ND: Everything that we do, all of us sitting here, and this is a message that I’m trying to impart on young people, is ‘be kind to yourself. Don’t diss the things that have happened that you think were wrong in your past because actually, all those moments, all those choices that you thought were wrong, all those moments led you to this moment.’ So as an actor, I think “what is Haley’s story?”. She’s an African-American woman and I’m a Black woman from South Africa and, in a different way, that’s why my family left. All I could bring in was Noma’s version of Haley. So you could have been given the part of Haley and it would have been your version of Haley. All of us look to the script and when the script is that good and when the director goes “we can fine tune and then fine tune some more”, when you’re collaborating with great people, the work becomes easier and then my sense of self goes and the character comes in. But everything that we do, we bring ourselves. I don’t think anyone disappears. I think we can transform, we can transition, but it’s smoke and mirrors. We always start with ourselves but we will overlap somewhere.

The series addresses social disparities and the clash between different social classes. What do you hope the audience takes away from The Undoing?

ND: I mean that’s great that you have observed that.
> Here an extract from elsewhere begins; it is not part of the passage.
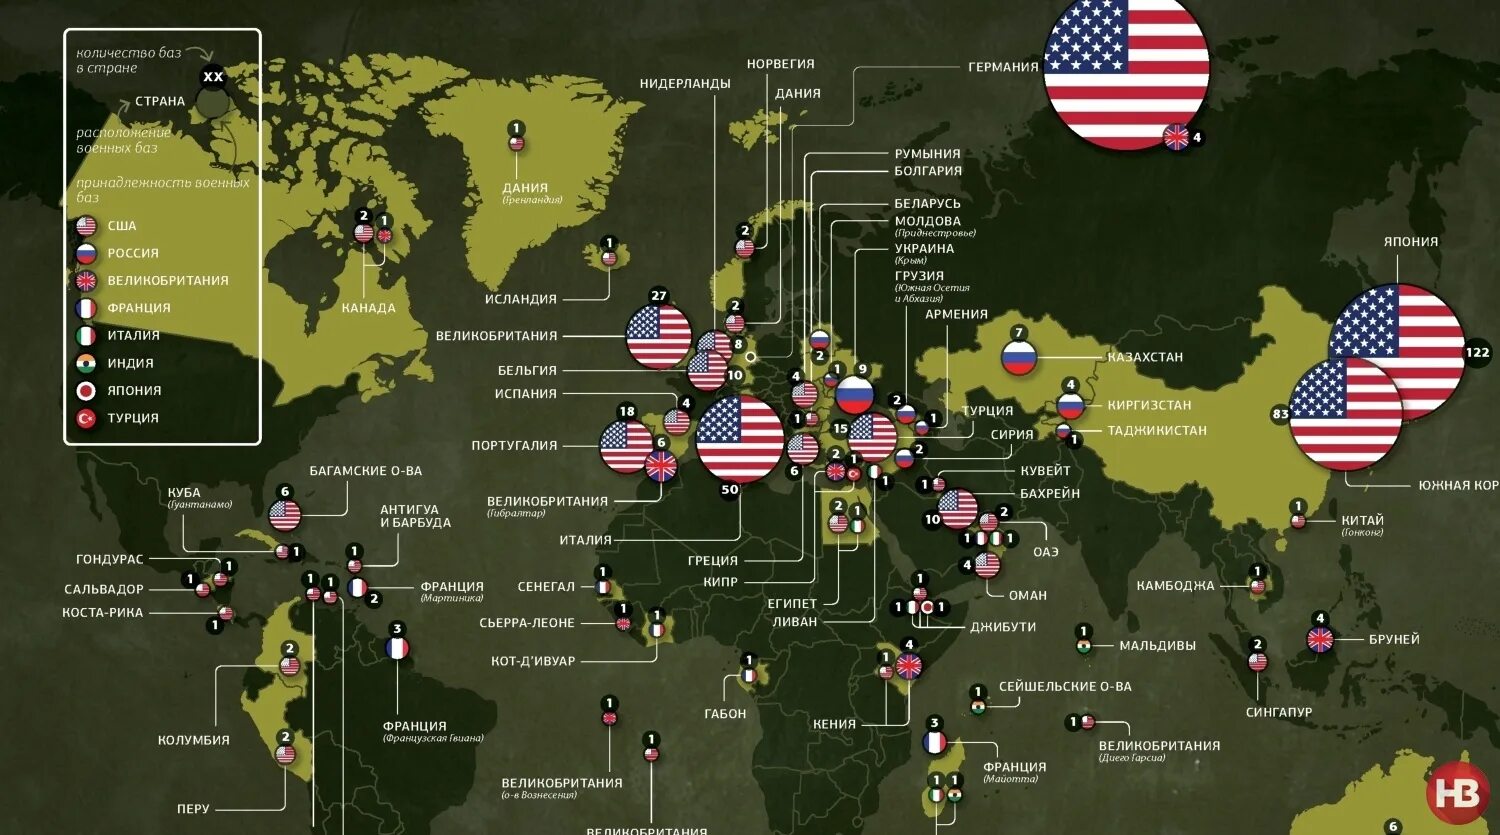 Базы НАТО И армии США В мире.

I think just the fact that I have been cast in the role of Haley, especially post George Floyd, has a different bearing of what it would have been like if you had watched it at the end of May, as it was due then. I’m a storyteller, I’m an actor, and to be able to tell a story like this and to share it with the people that I’m sharing it with….it’s a thriller, a psychological thriller, and we don’t know what’s coming – that’s the beauty of what David E. Kelley has done. What you choose to put on top of that is the joy. At its most basic, it’s a great who and what and howdunit, and those are the elements that we always love in storytelling. So if we can keep ahead of you, and you have to keep catching up, that’s brilliant. We have to acknowledge the class layers. Being in Britain, you can’t help but notice class, and class is not necessarily money but what money can do for those that are able to afford it. What we are witnessing in the world right now is it can let a lot of things go and a lot of things slide. The person in the suite right next to you may be suffering. So hopefully they take a lot of things but understand that it’s a story.

As a storyteller and an actor, are there moments that you’re particularly proud of in terms of your work in this series? 

ND: Oh wow. Ooh! I don’t know yet because I haven’t seen all of it, so I can’t tell you! Like you, I’ve only seen the first five episodes so I’m proper pumped to watch the rest. I find it very hard watching myself but just to be part of the project, and whatever the outcome of people’s experiences with it, that’ll always stay with me. That I was part of the project, that I did sit three feet away from Donald Sutherland, that I did watch Nicole Kidman being mesmerizing, that I learned that Hugh Grant is a sweetheart, that Sofie Gråbøl is an extraordinary actress, that Lily and Ismael and Edgar are extraordinary people that I got to be in the room with. That sounds very romantic but then I am very romantic about being an actor because I think people can take us for granted, but when you see the work that goes on, especially with people that are great at what they do, we’re lucky.